ARTICLE BY JONAH ASHCRAFT | PHOTOS BY JACKIE SUTTON
When Ashlee Griffith enrolled in a science-education class at The University of Alabama, she was hoping to help change a stereotypical image of elementary-school classrooms: kids glued to desk chairs, reading textbooks or reviewing multiplication tables.
UA students in the CEE 304/550 Teaching Early Childhood and Elementary School Science course work with teams of elementary children called STEM-gineers to create science, technology, engineering and math projects.
“Kids said things like, ‘Wow, this is so fun!

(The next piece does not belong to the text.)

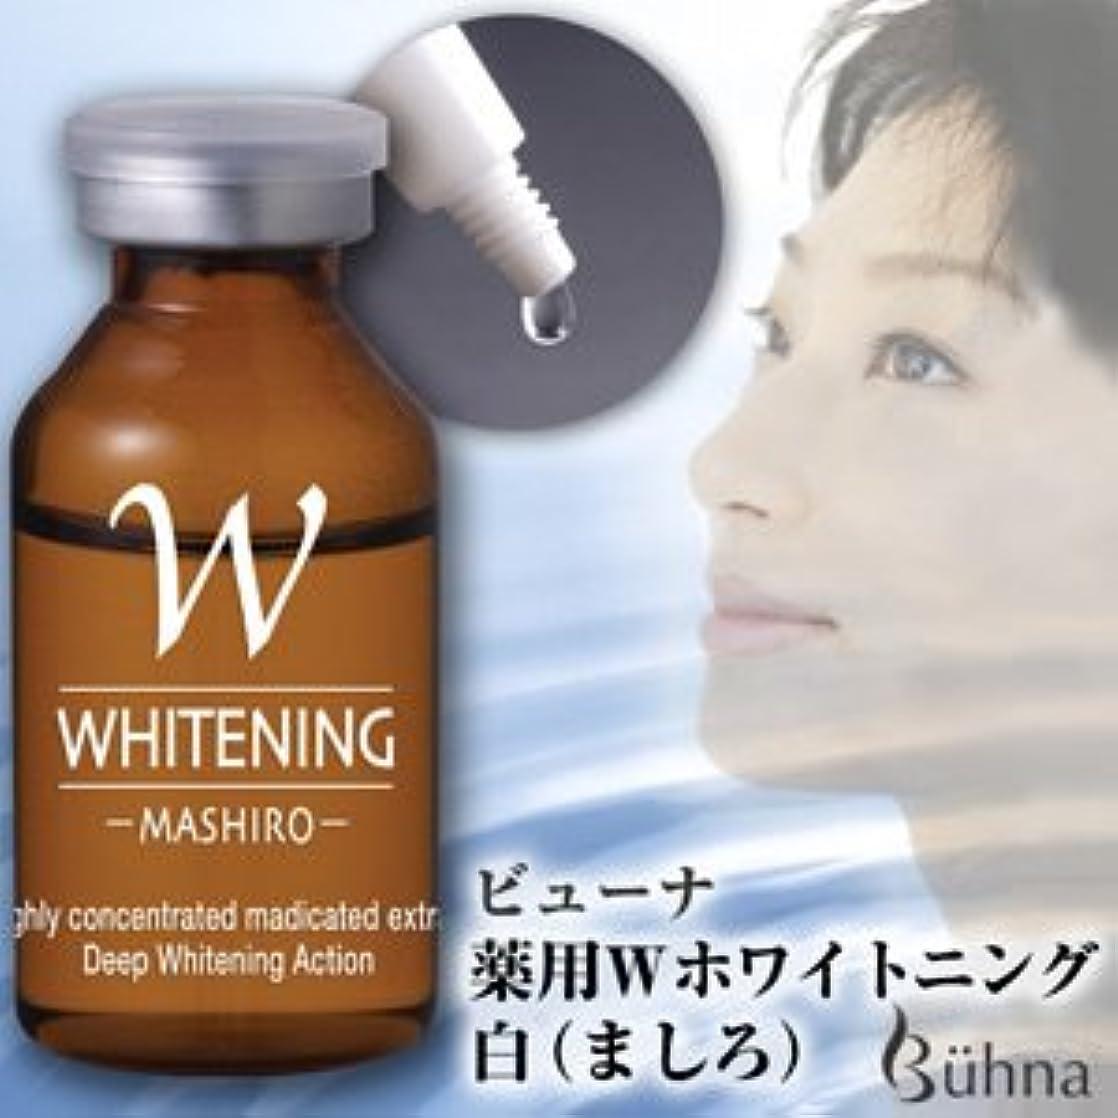 能力海外返還超高濃度!W原液がシミを断つ、翌朝の肌で感じる美肌力『薬用ダブルホワイトニング白(ましろ)』

We never get to do stuff like this!’” says Griffith, who is from Savannah, Ga., and recently graduated with a degree in elementary education. “It was enlightening to see you could let kids know school could be fun and interesting, especially in the more scientific fields.” Griffith currently teaches fourth grade at Chesney Elementary School in Atlanta.
Through the CEE 304/550 class, UA students learn to explore children’s prior ideas about science and to teach the subject in pre-K through sixth-grade classrooms, with emphasis on education through inquiry and engineering practices.
“Many children who don’t normally enjoy school are eager to participate,” says Diana Marchant, a teacher at Woodland Forrest Elementary School in Tuscaloosa. “The others are all about figuring out how experiments work and how they can try them at home.”
UA students make sure projects are hands-on and engaging, Griffith says. “One project we did for the younger kids involved learning the life cycle of plants,” she says. “We had the students plant seeds in a garden and then return periodically to see the plants’ growth. The kids loved being engaged and getting to see the progress their work had created.”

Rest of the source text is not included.